I consent to my child’s participation in receiving a psychiatric consultation by mental health professionals at Washtenaw County Children’s Services for assessment and treatment recommendations.
- I understand that following the provision of any services, information will be provided concerning each of the following areas:
- The benefits and indications for any proposed treatment.
- The manner in which treatment will be administered
- Risks of side effects from medications (when applicable)
- Probable consequences of not receiving treatment
- Information from my child’s assessment and/or treatment will be stored in a confidential medical record at Washtenaw County Children’s Services, and I consent to disclosure for use by the parties I have indicated on the accompanying Consent to Share Behavioral Health Information Form for continuity of my child’s care. Information provided will be only be shared with the parties indicated on the Consent to Share Behavioral Health Information form, except for in the following instances:
- if youth is deemed to present a danger to himself/herself or others;
- if concerns about possible abuse or neglect arise; or
- if a court order is issued to obtain records.
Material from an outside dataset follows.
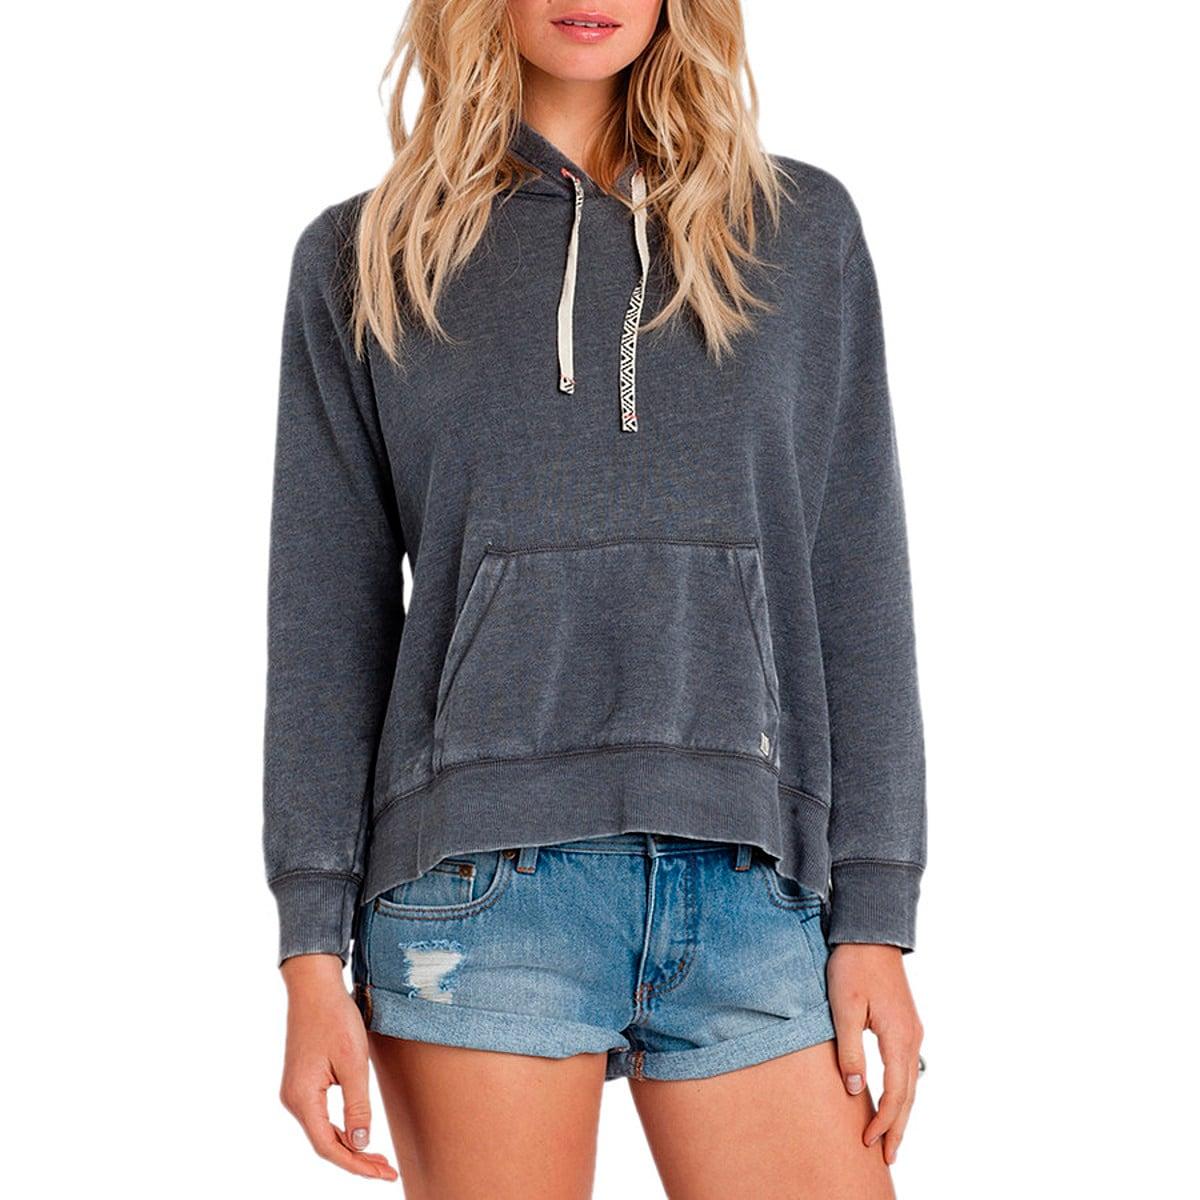 Billabong pullover hoodie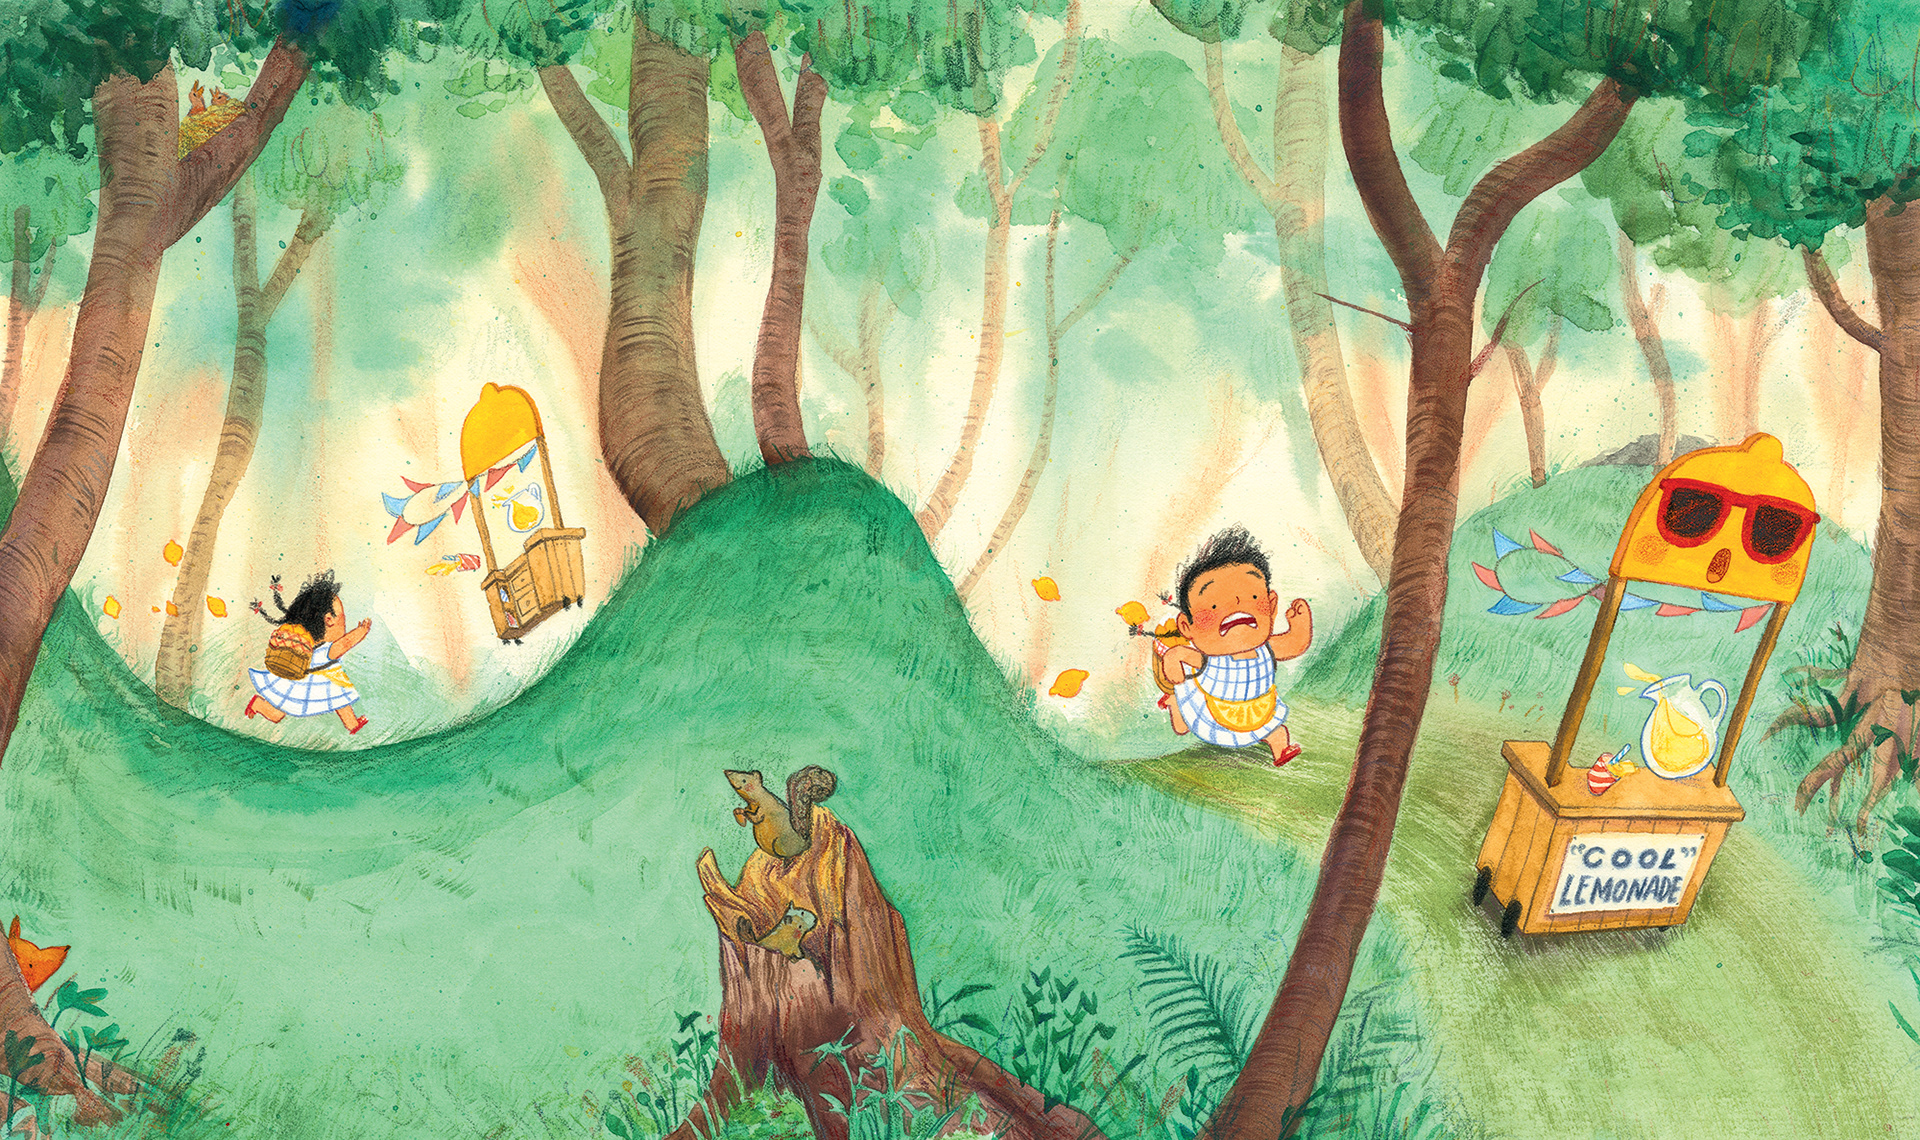 Gideon Sterer on Encouraging Kids to Find Wonder in Nature

- I have the right to withdraw my consent for evaluation and/or treatment of my child at any time by providing a written request to Washtenaw County Children’s Services.
- This consent will expire 12 months from the date of signature, unless otherwise specified.
I have read and understand the above, have had an opportunity to ask questions about this information, and I consent to the evaluation. I also attest that I am the legal guardian and have the right to consent for the treatment of this child. I understand that I have the right to ask questions of my child’s service provider about the above information at any time.